[Source records]:

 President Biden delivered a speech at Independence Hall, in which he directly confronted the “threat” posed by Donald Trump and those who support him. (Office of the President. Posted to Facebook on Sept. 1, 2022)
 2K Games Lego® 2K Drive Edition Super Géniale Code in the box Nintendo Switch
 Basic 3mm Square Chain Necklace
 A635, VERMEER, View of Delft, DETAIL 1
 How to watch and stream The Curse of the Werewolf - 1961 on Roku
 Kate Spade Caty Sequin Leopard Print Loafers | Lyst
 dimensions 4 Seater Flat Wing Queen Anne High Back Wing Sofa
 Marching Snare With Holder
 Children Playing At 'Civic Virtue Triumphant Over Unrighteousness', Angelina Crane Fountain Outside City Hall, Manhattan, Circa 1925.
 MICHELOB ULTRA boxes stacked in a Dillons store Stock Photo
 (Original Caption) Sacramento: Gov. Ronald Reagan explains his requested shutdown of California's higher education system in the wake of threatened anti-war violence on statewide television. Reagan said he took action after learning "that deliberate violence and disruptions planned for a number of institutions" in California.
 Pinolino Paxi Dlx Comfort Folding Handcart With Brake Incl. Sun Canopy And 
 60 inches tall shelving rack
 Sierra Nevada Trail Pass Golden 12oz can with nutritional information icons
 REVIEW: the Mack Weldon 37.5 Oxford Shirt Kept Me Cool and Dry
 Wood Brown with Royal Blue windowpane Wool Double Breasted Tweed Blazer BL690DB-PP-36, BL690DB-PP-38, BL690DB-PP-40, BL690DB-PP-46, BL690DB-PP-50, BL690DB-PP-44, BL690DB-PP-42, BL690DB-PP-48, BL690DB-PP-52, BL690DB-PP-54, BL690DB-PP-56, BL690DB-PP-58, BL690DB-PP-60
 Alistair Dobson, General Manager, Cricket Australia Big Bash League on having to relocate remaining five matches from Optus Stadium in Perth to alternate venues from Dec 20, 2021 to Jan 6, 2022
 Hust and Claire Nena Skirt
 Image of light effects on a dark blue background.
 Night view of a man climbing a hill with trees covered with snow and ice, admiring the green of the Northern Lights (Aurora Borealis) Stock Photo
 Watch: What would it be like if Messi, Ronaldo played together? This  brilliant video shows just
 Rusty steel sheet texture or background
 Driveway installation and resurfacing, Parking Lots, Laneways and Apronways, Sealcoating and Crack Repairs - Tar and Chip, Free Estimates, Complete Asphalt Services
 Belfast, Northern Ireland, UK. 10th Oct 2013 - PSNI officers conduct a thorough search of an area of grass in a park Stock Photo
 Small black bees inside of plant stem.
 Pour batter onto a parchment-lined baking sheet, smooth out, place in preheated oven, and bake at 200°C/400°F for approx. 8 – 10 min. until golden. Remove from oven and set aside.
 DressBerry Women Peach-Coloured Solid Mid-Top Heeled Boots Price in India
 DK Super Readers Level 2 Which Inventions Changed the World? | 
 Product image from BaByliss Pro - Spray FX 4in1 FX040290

[Problem description]:
Above are the records. Copy every line in them holding "Super".

[Answer to this task]:
 2K Games Lego® 2K Drive Edition Super Géniale Code in the box Nintendo Switch
 DK Super Readers Level 2 Which Inventions Changed the World? | 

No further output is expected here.